▶ **Problem details**:
All of the data, word for word and free of pictures, is the expected result.

▶ **Dataset excerpt**:
--

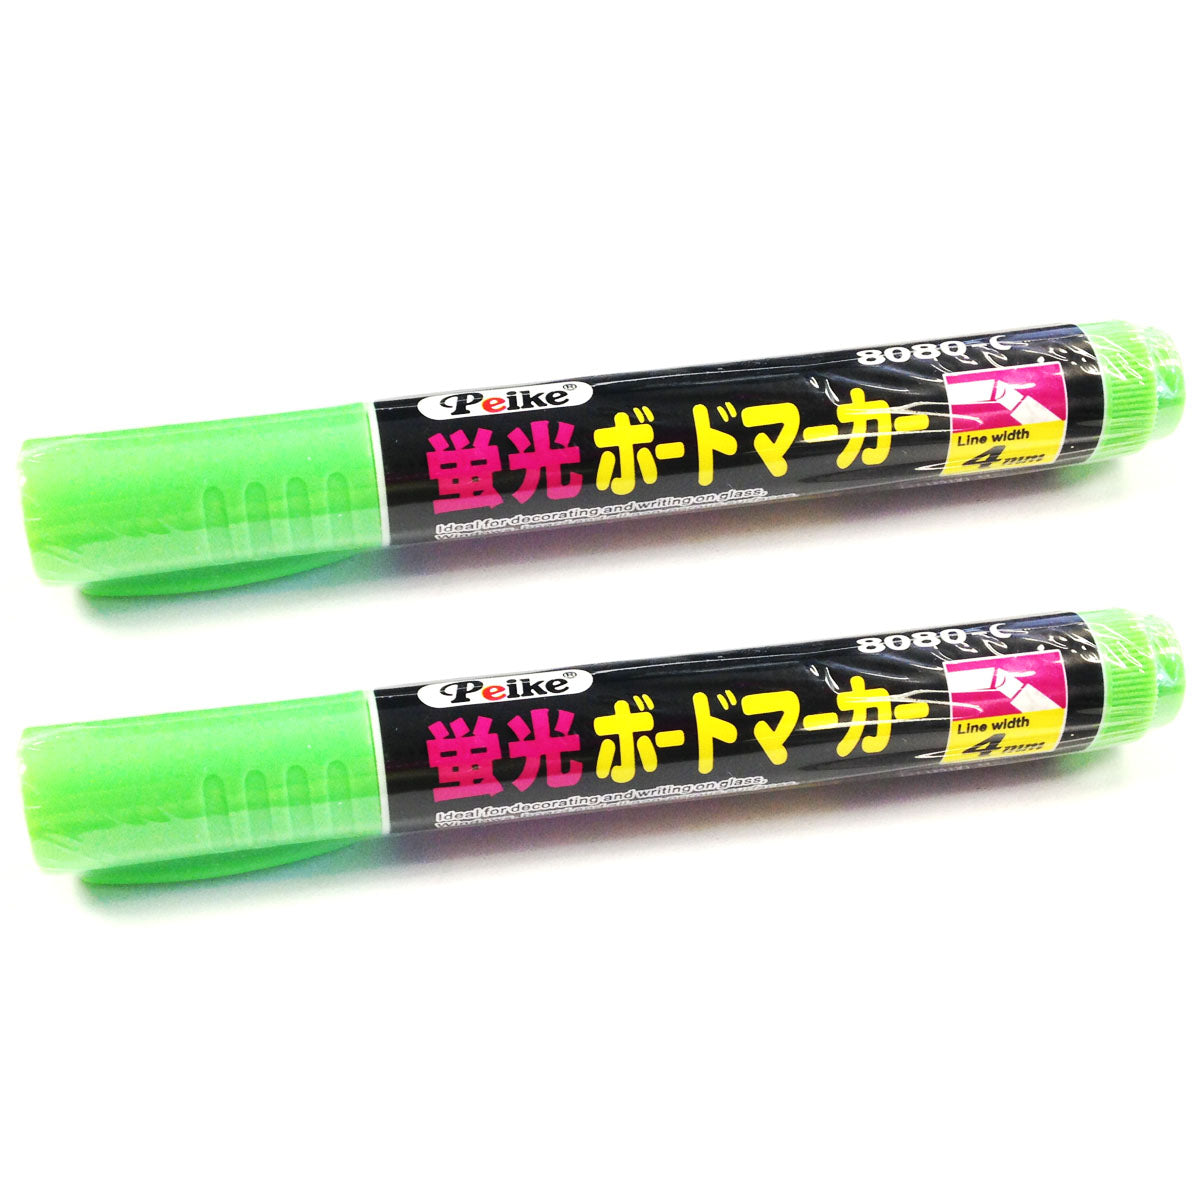 Wrapables Liquid Chalk Pen, White
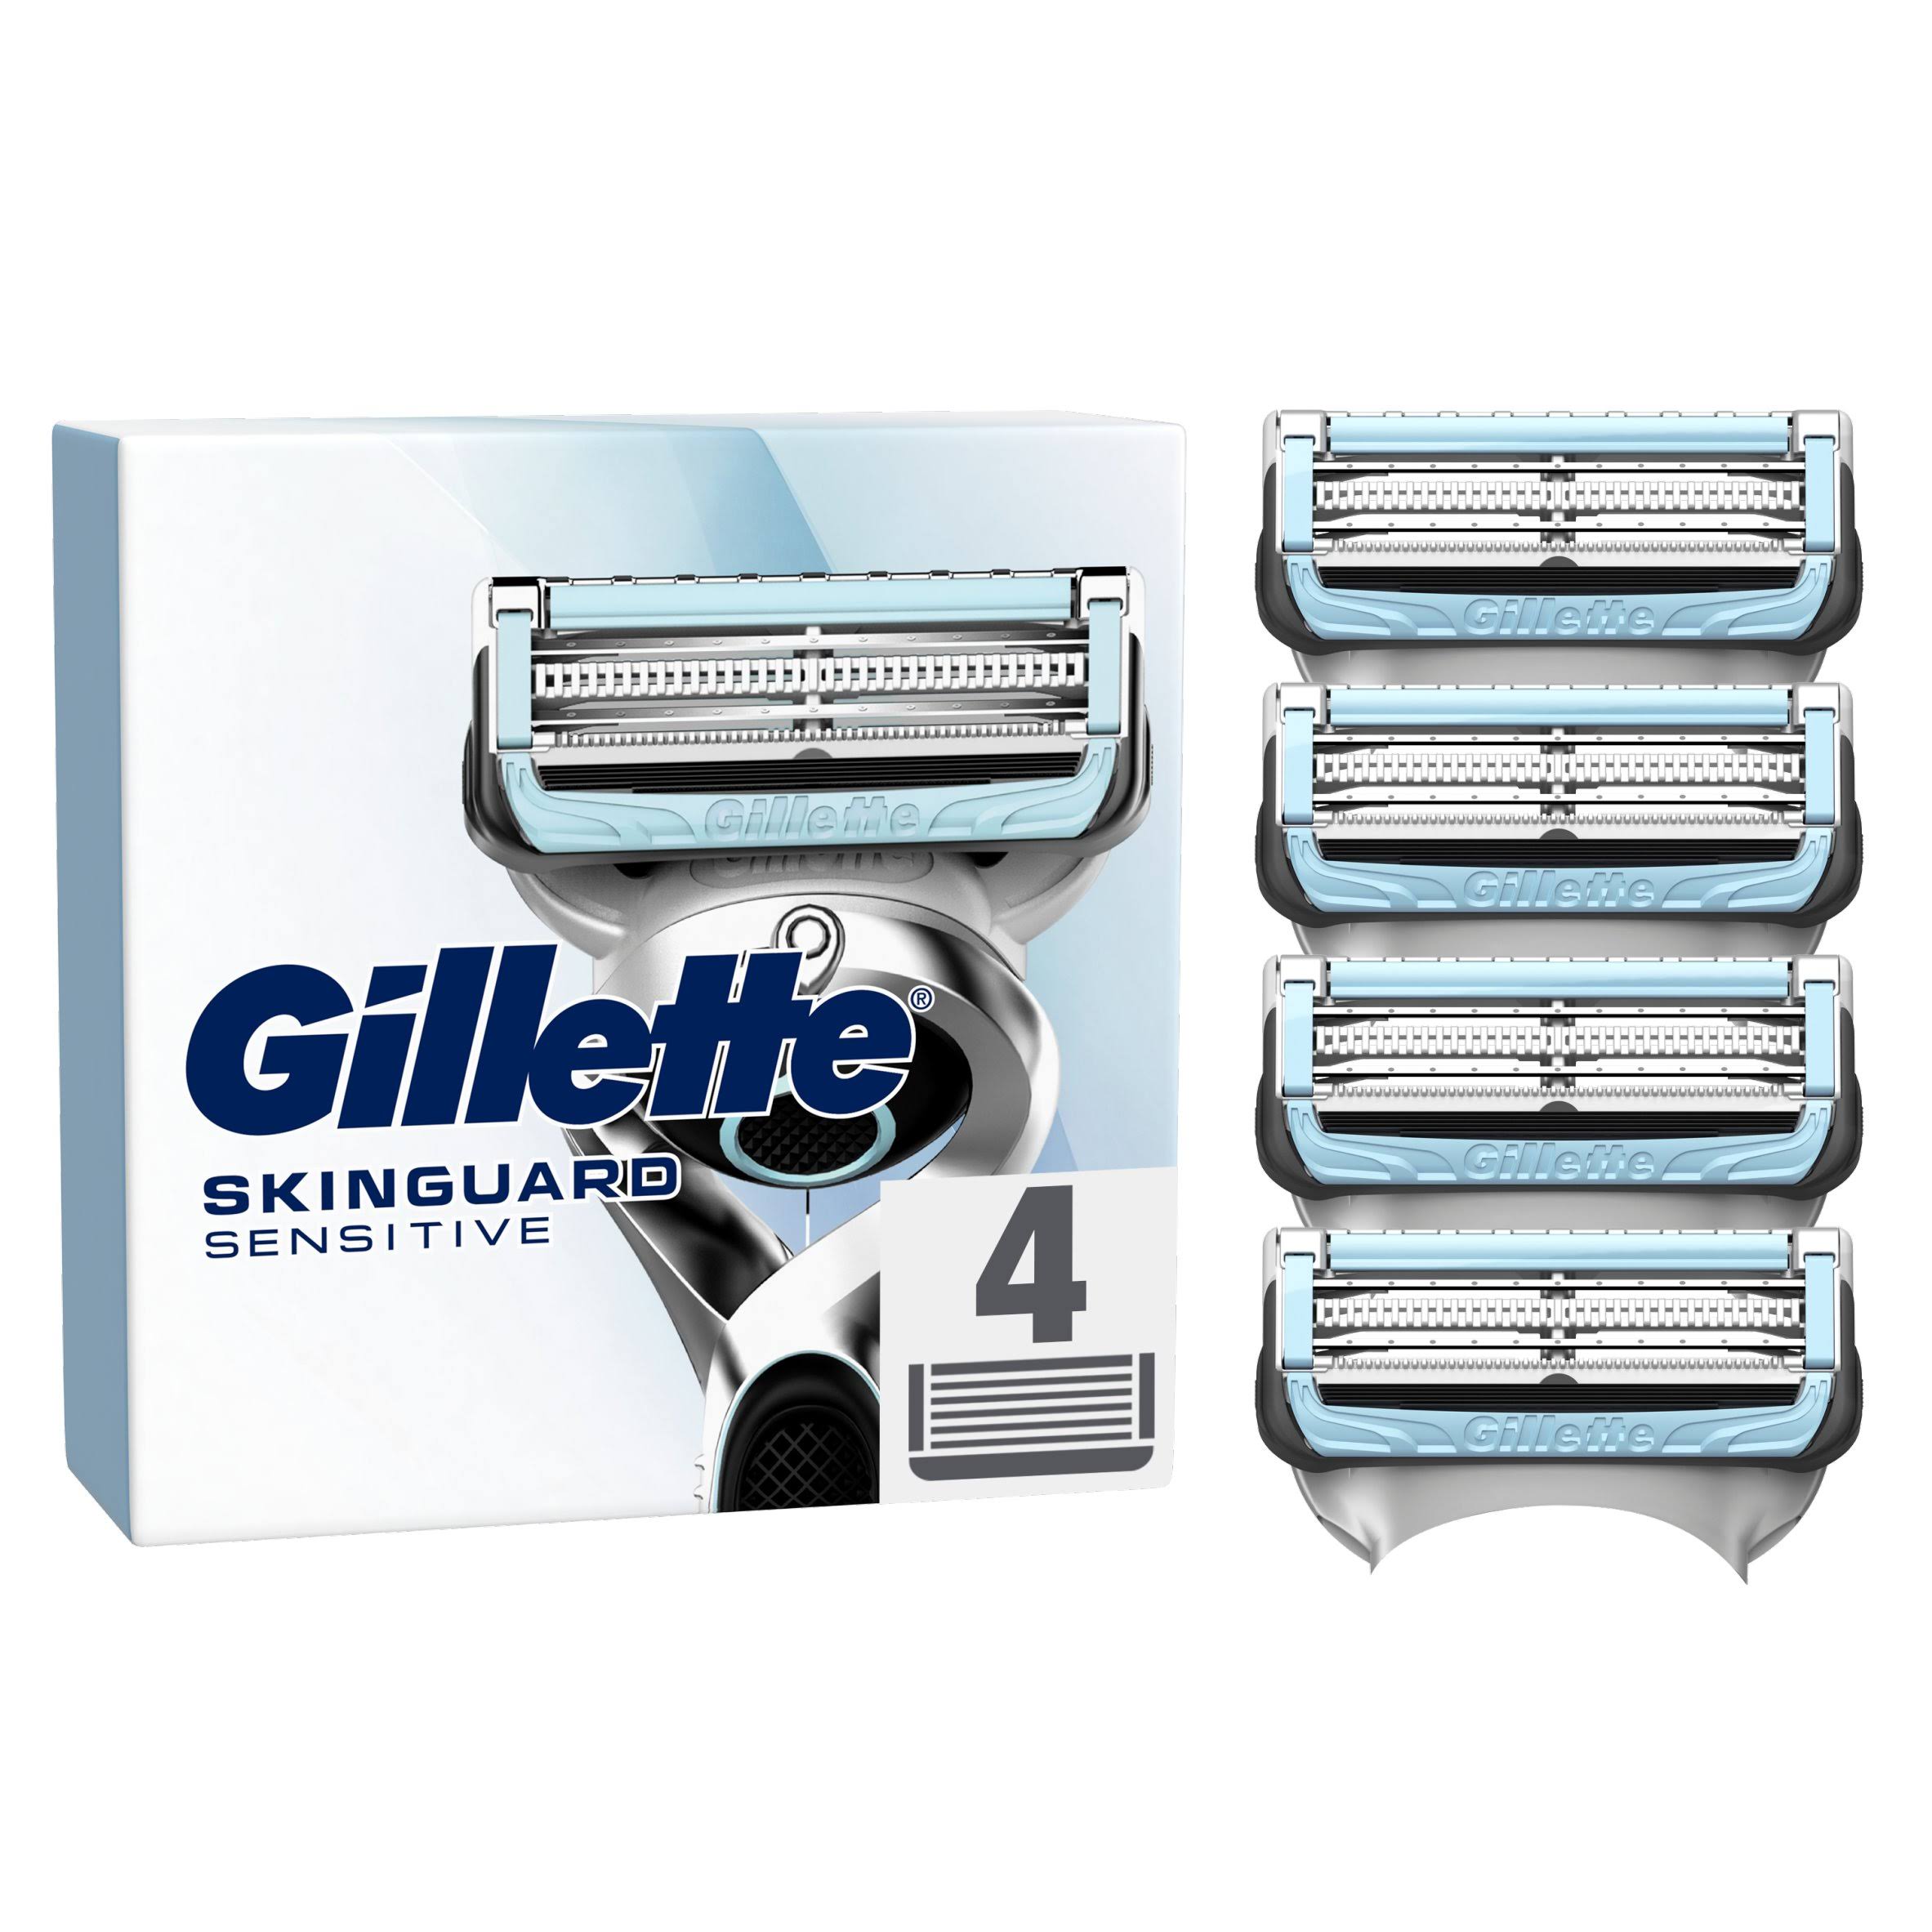 Gillette SkinGuard Sensitive Razor Blades - For Men, 4 Refills
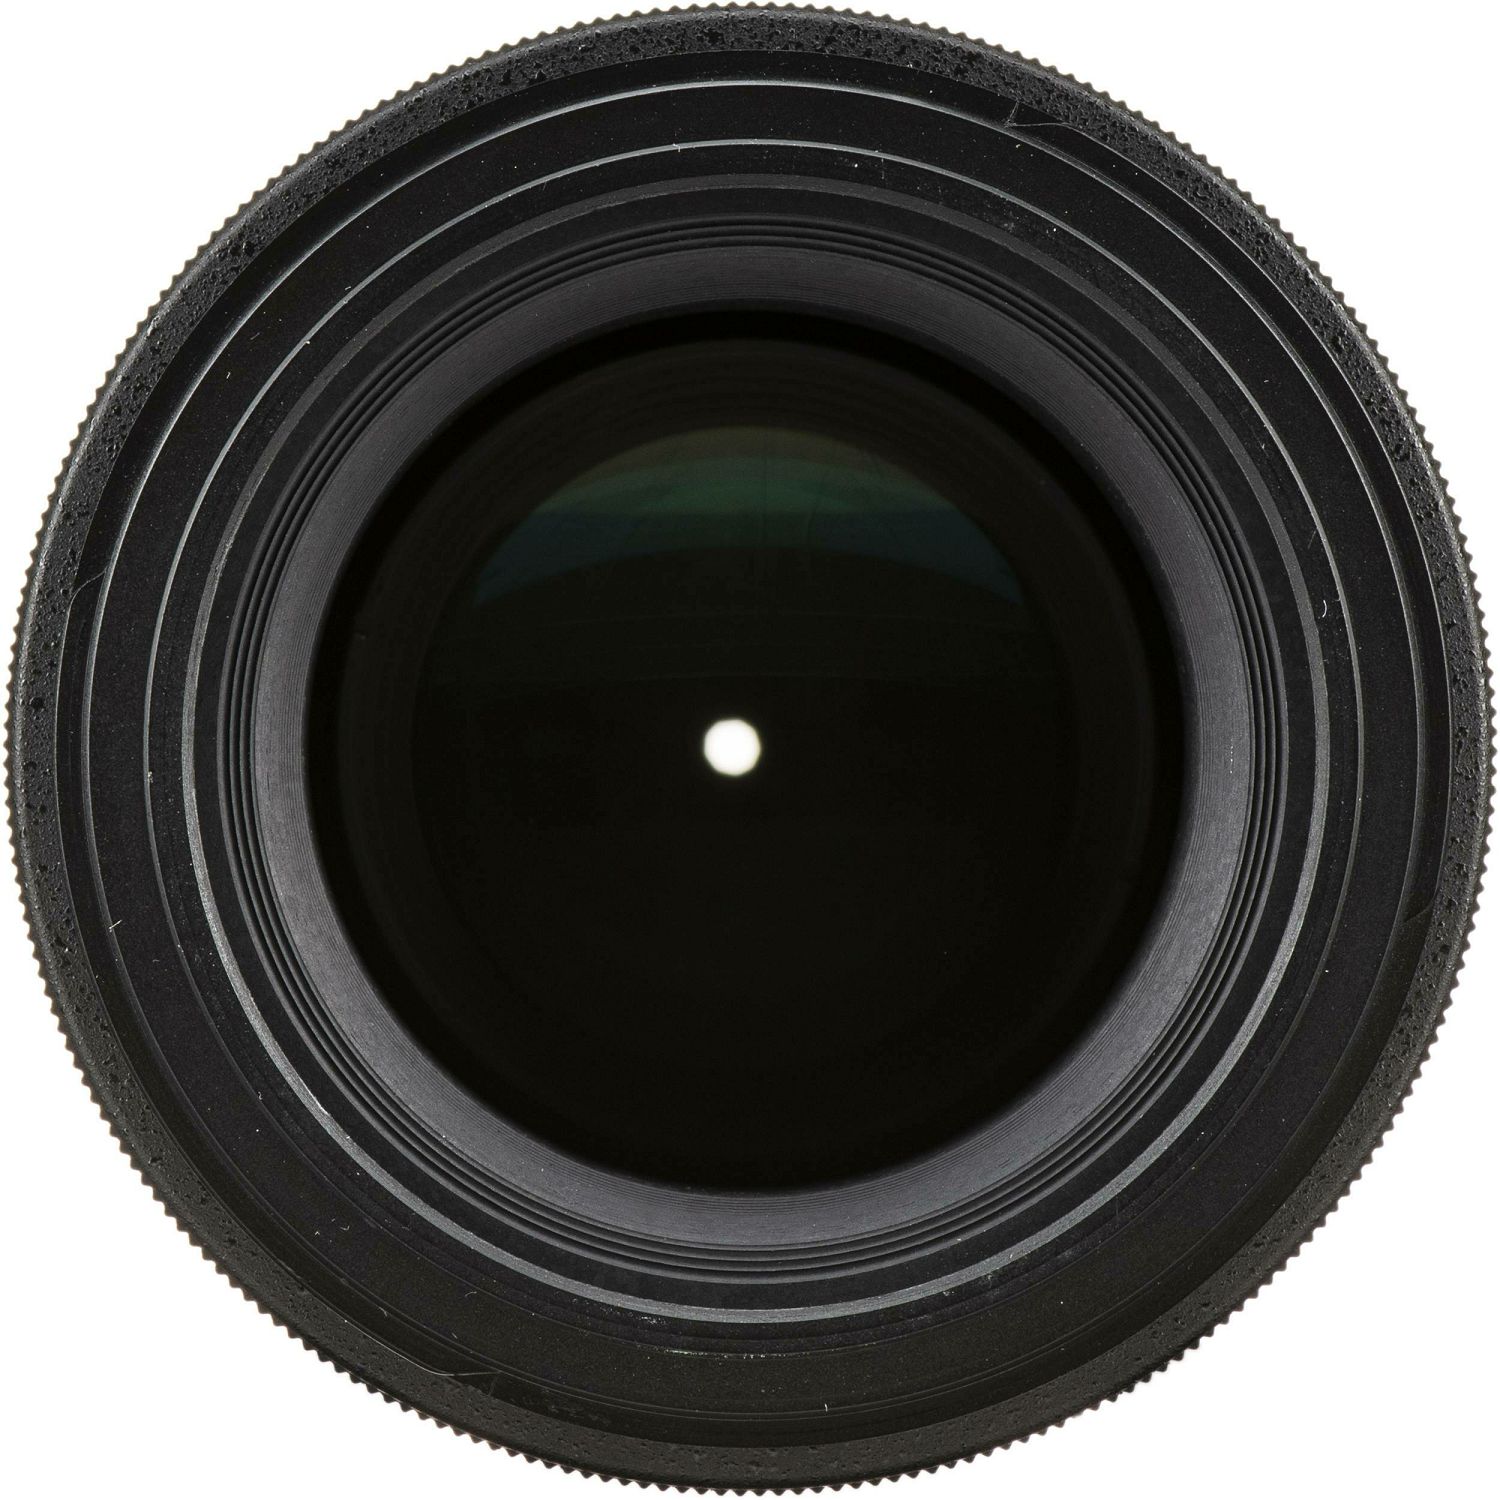 Tokina ATX-i 100mm f/2.8 FF Macro objektiv za Canon EF (T510001iC)

--

▶ **Finished exercise**:
 Wrapables Liquid Chalk Pen, White
 Gillette SkinGuard Sensitive Razor Blades - For Men, 4 Refills
 Tokina ATX-i 100mm f/2.8 FF Macro objektiv za Canon EF (T510001iC)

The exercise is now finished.